IRSUTE: a minisatellite project for land surface heat flux estimation from field to regional scale
Résumé
Thermal infrared remote sensing has proved its usefulness in various environmental applications, including the evaluation of surface heat fluxes exchanged between the continental biosphere and the lower atmosphere. The concept of a minisatellite, IRSUTE, has been evaluated. It is designed to allow the derivation of accurate (+-50 W m-² or +- 0.8 mm/d water evaporation) estimates of surface heat flux at the field scale (near 40 m). Such estimates will be useful for meteorological, hydrological, and agricultural studies. The instrument will also be useful for environmental monitoring, for example, frost mapping, forest fires, volcano activity, thermal pollution, etc. The IRSUTE concept has been further elaborated by conducting scientific studies (modeling canopy radiative temperature, method for flux estimation, ergodicity problem, emissivity of natural surfaces, correction of atmospheric effect), by analyzing methodological aspects (definition of pixel size, overpass time, time repeat cycle, analysis of angular effects) and system specification (superposition error and MTF effects assessment).
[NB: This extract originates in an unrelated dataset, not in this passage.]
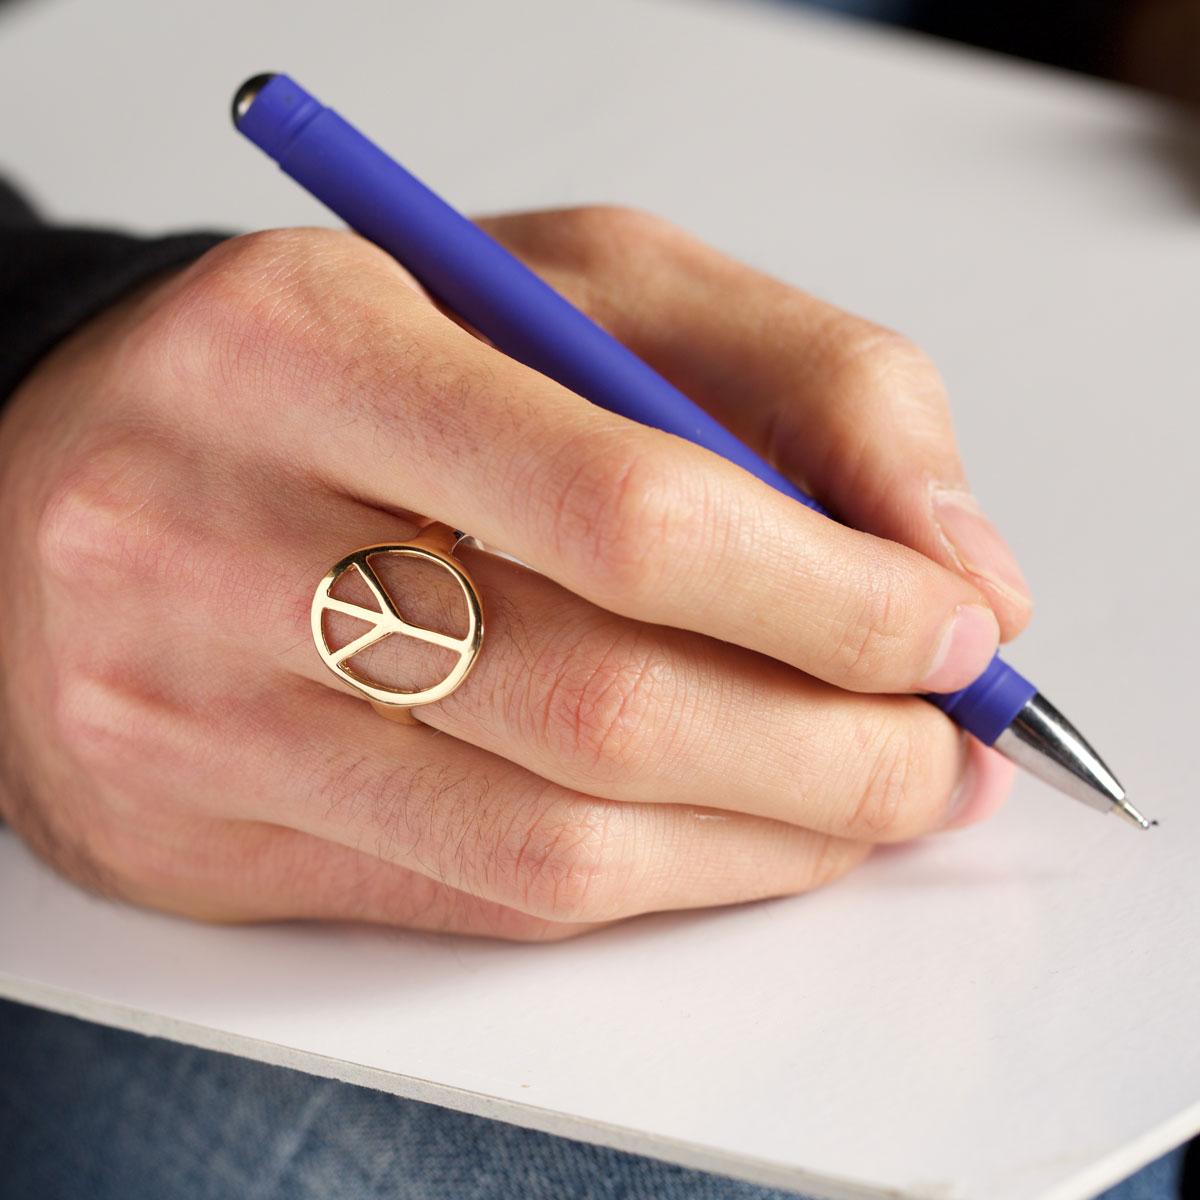 اصول و قواعدی که مردها باید در مورد استفاده از جواهرات بدانند

These studies have resulted in the definition of a feasible instrument corresponding to the minisatellite category (95 kg), with a high spatial resolution (40 m), four bands in the thermal infrared domain (3.5-4.0 um and three bands between 8.2 um and 11.0 um, with two options), a 1-day revisit, corresponding to an orbite altitude of 540 km. The narrow ground swath (40 km) preludes a global coverage; as a result IRSUTE will focus on a set of test-sites. The phase A study is now complete. The main elements of IRSUTE are defined. This article describes the IRSUTE mission characteristics and the main experimental results which led to the chosen specifications.